I stop short of regret, but grieve more than I care to admit. I think there’s a difference.  Grief allows me a healthy awareness of sorrow over things in my life.  Regret is, well regret.  I do regret – but I can’t wish it had never happened.  Regret would lead me (I fear) to resent my life, and all the things that led me straight into the presence of Jesus.  How could I regret anything?  I wish I had lived differently; I wish I had KNOWN to live differently.  I grieve the years I could’ve been different and the things I could’ve done differently.  I grieve the death of myself but I don’t regret who I am now.

Would I have been saved or had the privileges of seeing the hand of God in my life and in my son’s life had I (or my circumstances) been different?  Would I have ever written for Him, live to honor Him?  I know this:  I wouldn’t have this powerful testimony to share about a “wretch like me”.  I wouldn’t know what I know.

So there you have it – the point of it all, the beauty for ashes. All that ugly is turning into something beautiful…in EVERY life, not just mine.  Look back occasionally and no matter what you feel, see how God has brought you through it all for His good pleasure. Grieve a moment, but don’t regret.  Believe all of it has a grand purpose:  for His glory and for you to know He is the One True God and that He’s faithful to see His plan through to the end. Always.
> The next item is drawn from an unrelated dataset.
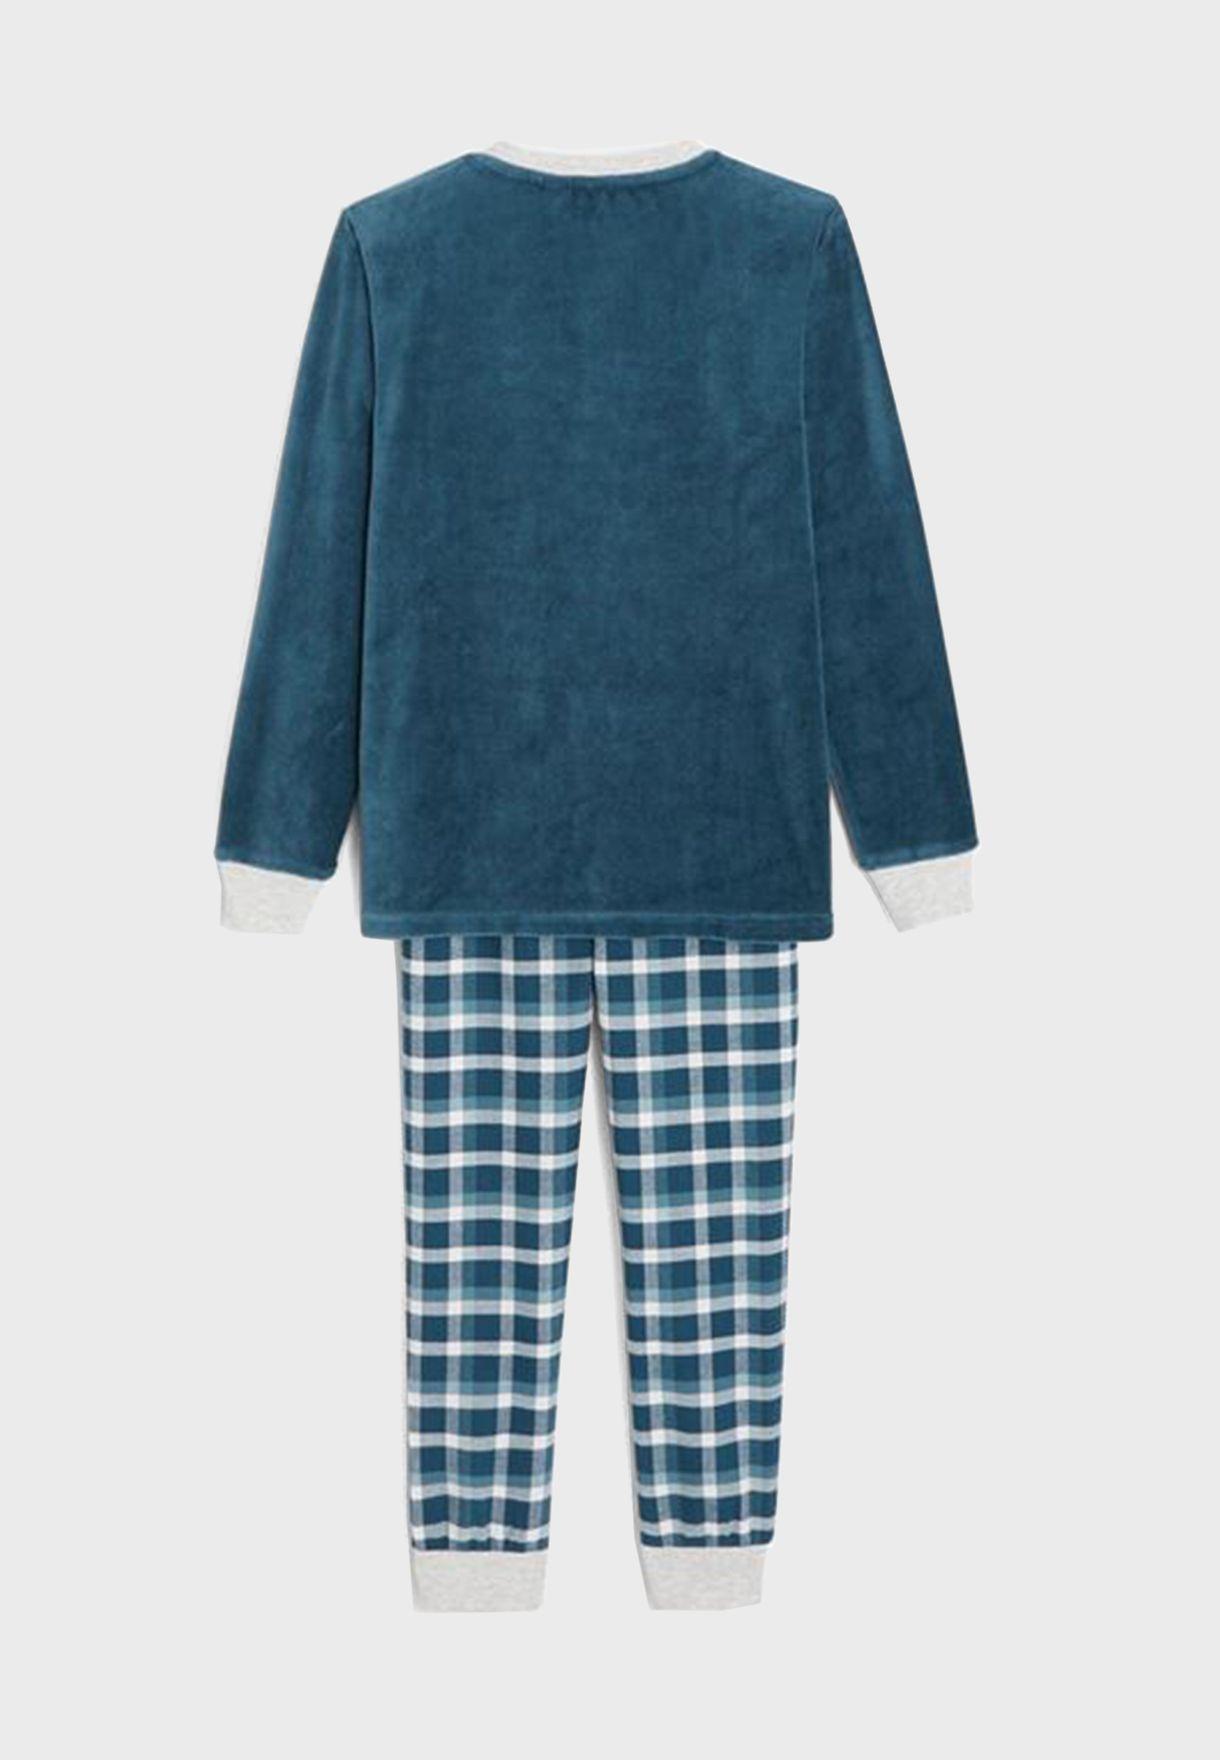 Kids Graphic T-Shirt + Pyjama Set

Jeremiah 29:11-13; Isaiah 61:3; Romans 8:28; Philippians 2:13

A Table in the Wilderness: The Invitation

Have you felt it?  That emptiness or perhaps a great need that we can’t even speak. If we could articulate, it would be ill-defined.  It may be masked in a physical lack but it stems from a spiritual one.
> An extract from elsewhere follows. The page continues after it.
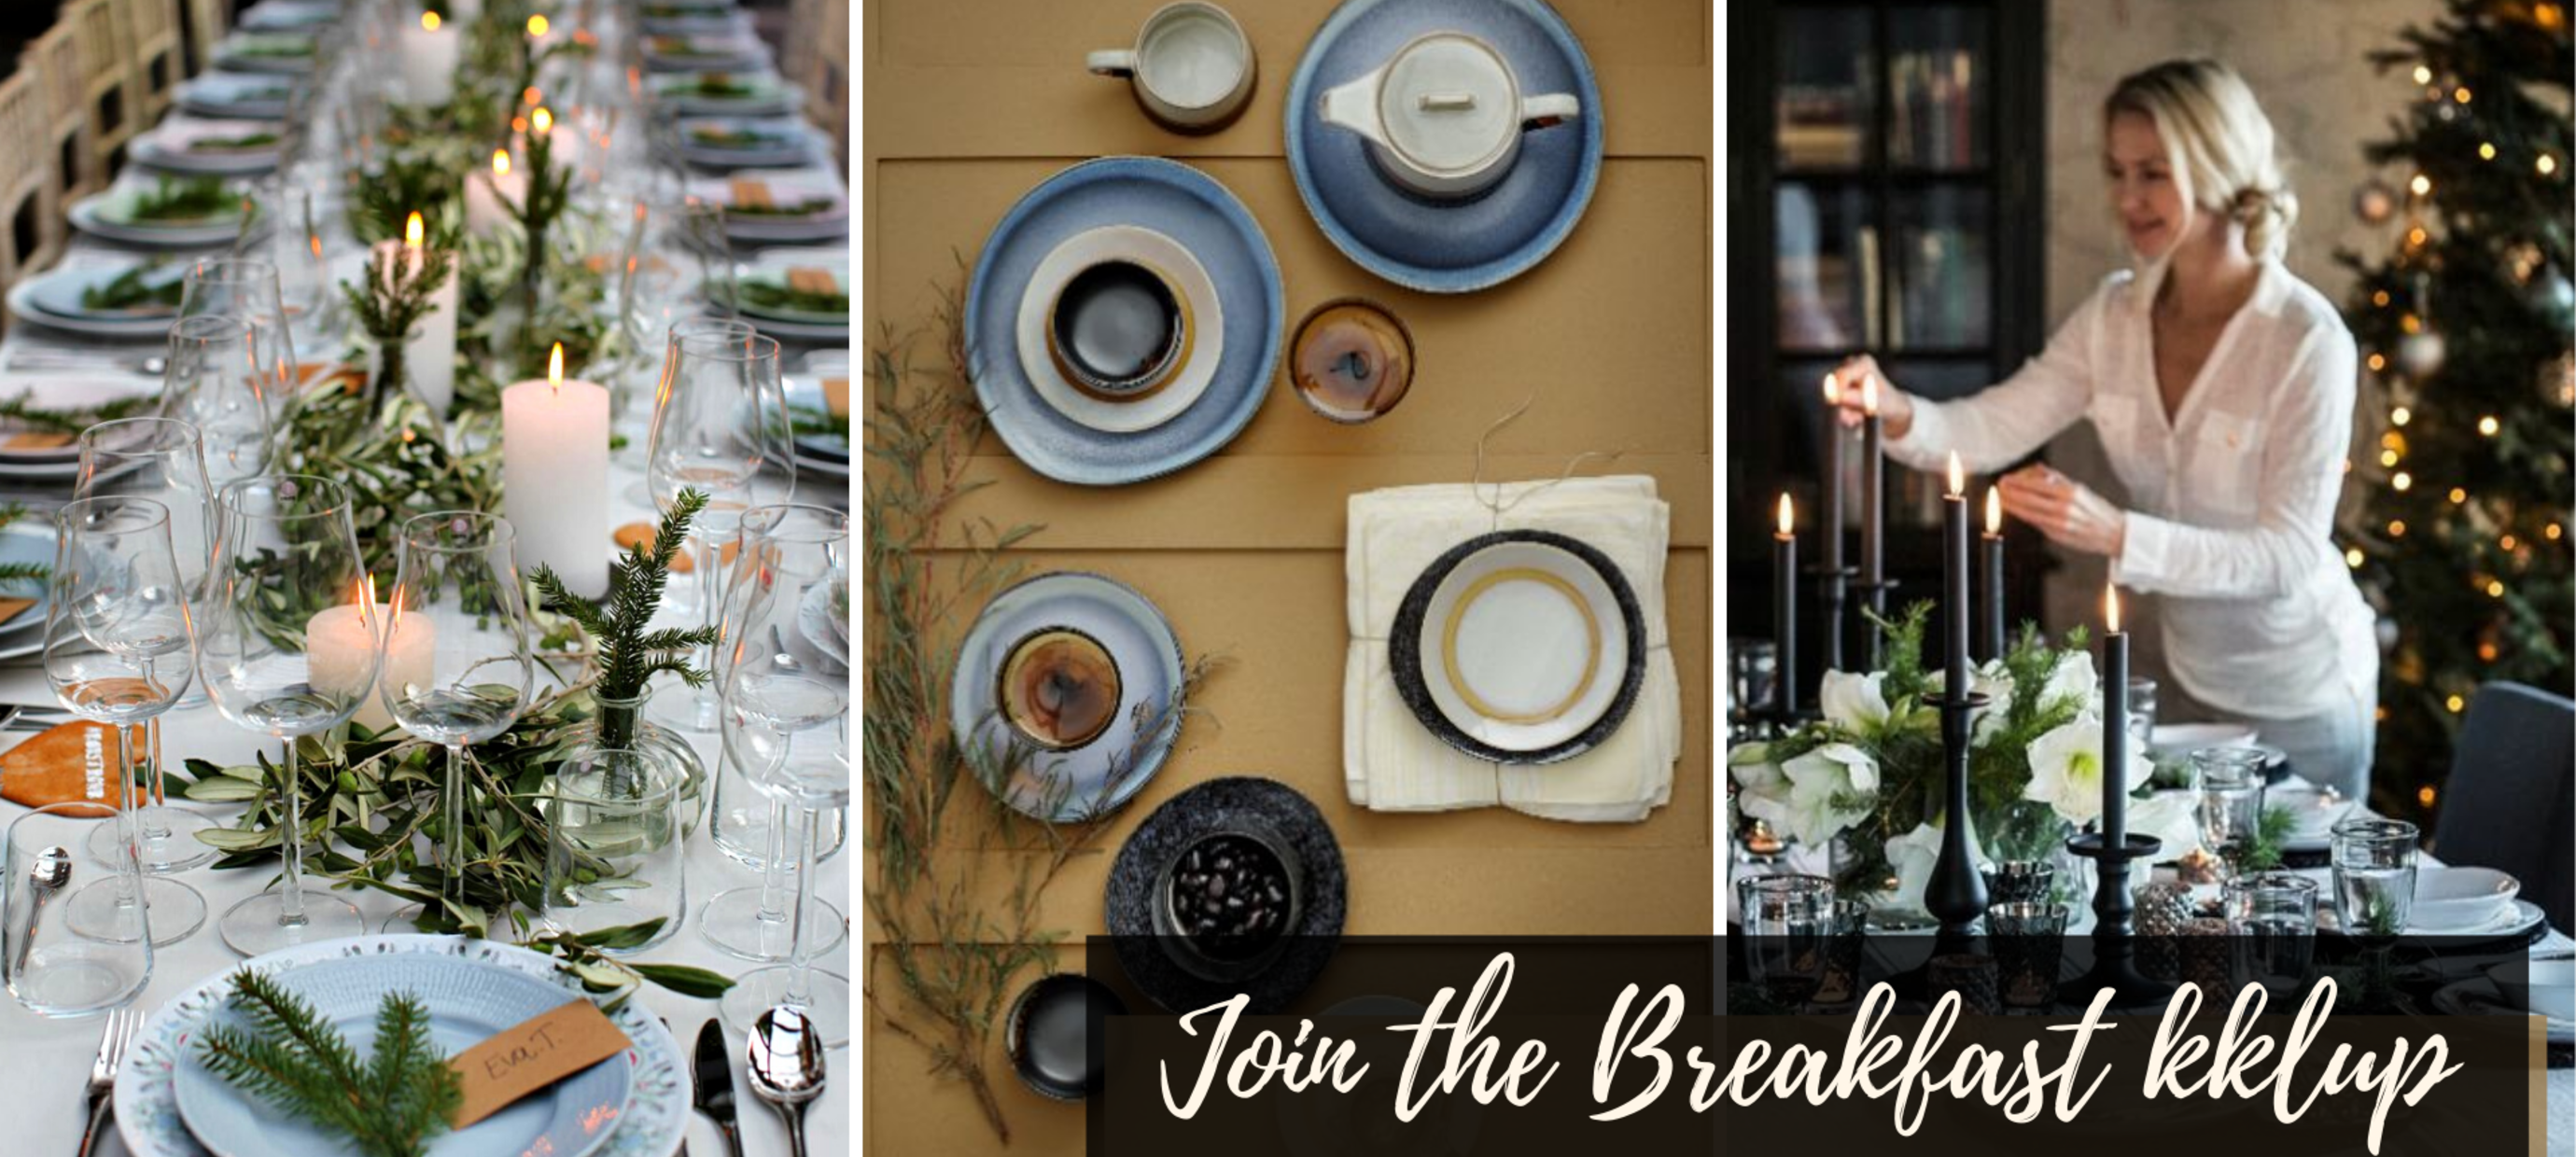 UITVERKOCHT The Breakfast kklup zondag 15 december

Perhaps some of our greatest blessings have produced the biggest heartaches.  We sometimes trust God and know we’re living and moving to please Him, yet pain creeps in, in ways we never expected.  We’ve fooled ourselves; we’ve listened to the wrong message.  The world has lied to us; it has let us down.  God allowed it, yes; but He never fails. So what’s the deal? Why are we feeling so defeated and discouraged?

Maybe it’s because we haven’t been to the table in a while.  What table you ask?  That one.
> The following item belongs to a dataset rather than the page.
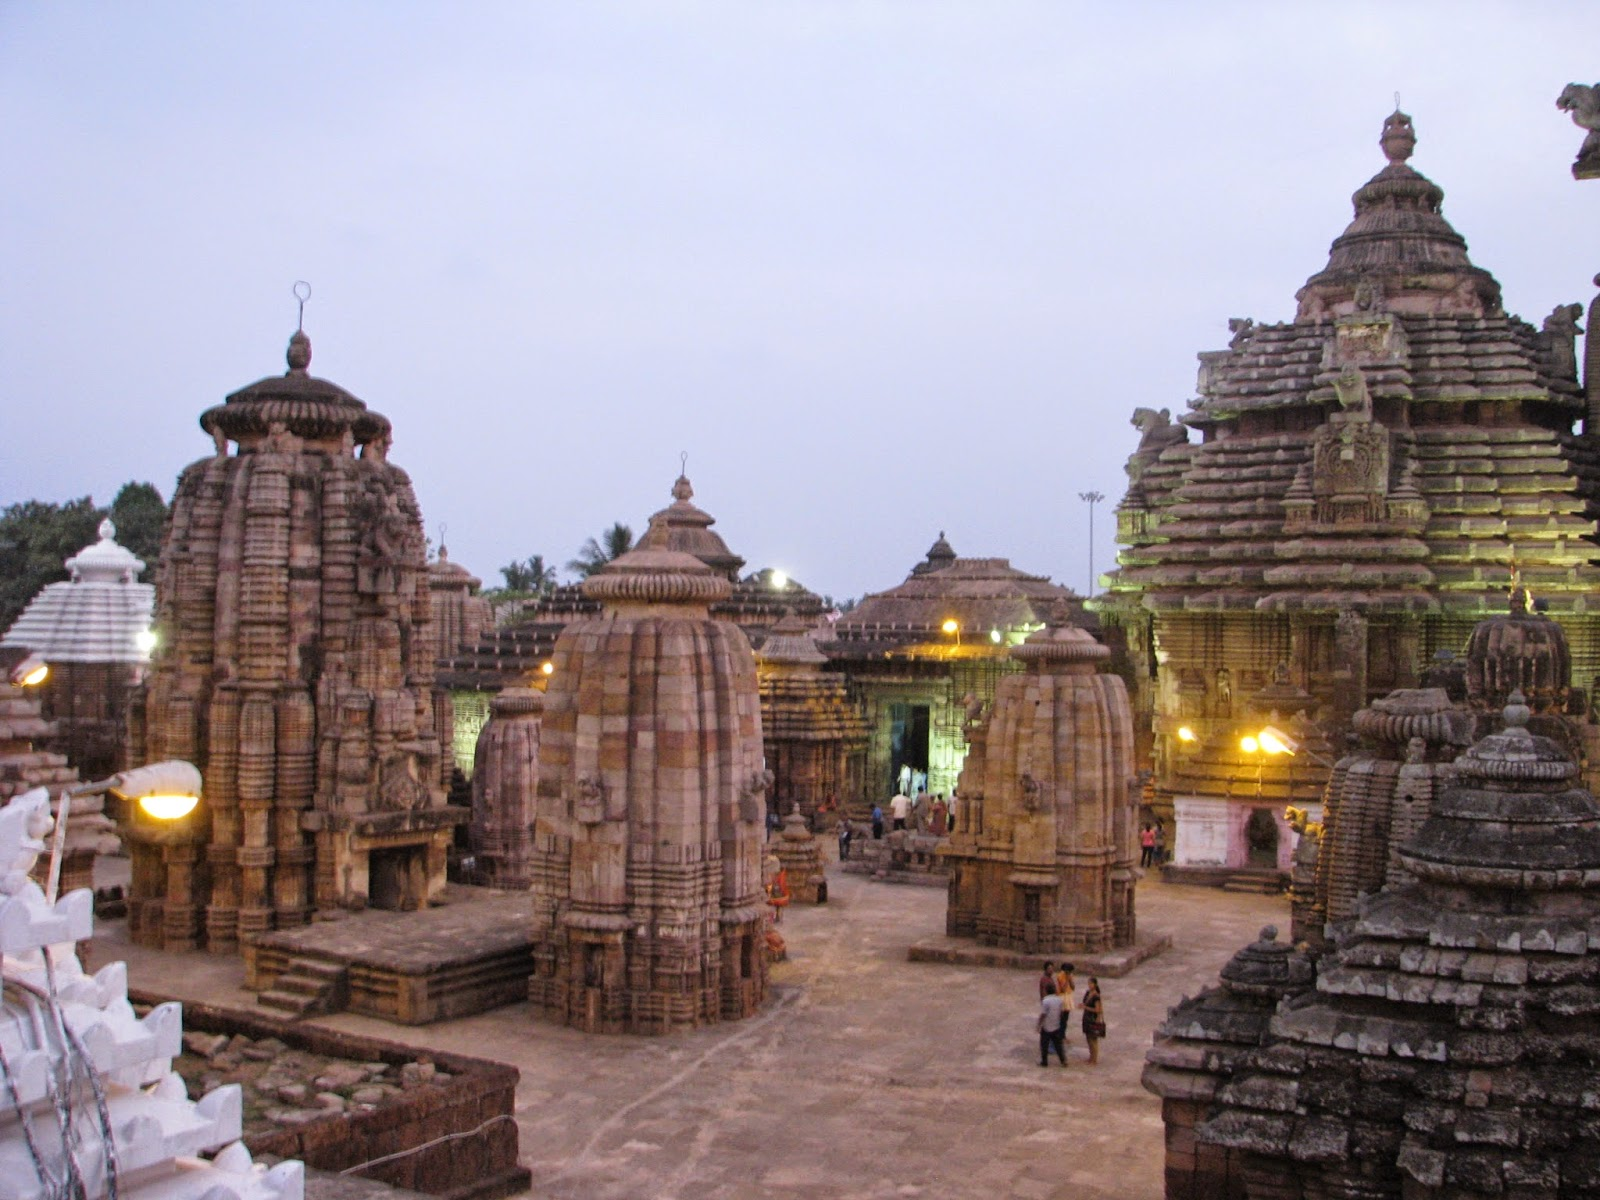 Http www achelsekluis org general home html -  Text About Com Images Wikmedia Parasurameswara Temple

Meticulously set in the middle of our messes and our huts, it beckons us the way the burning bush did Moses. How could all that beauty and the pull of a sacred invitation even be here in all this ugliness, fear, heartbreak…how could HE be in the midst of all this madness?  Really…is it Him?

Yes, beloved.  It’s Him.  He’s right there amongst the disorder to bring order.  In our hurts, He longs to bring healing.  Jesus awaits His most prized possession:  you – and time with you. He embodies everything we’re looking for and so much more. He’s sitting there, waiting for a one-on-one moment with you.  Yes, you.

Do you accept His invitation?  How? Only one thing is required…come.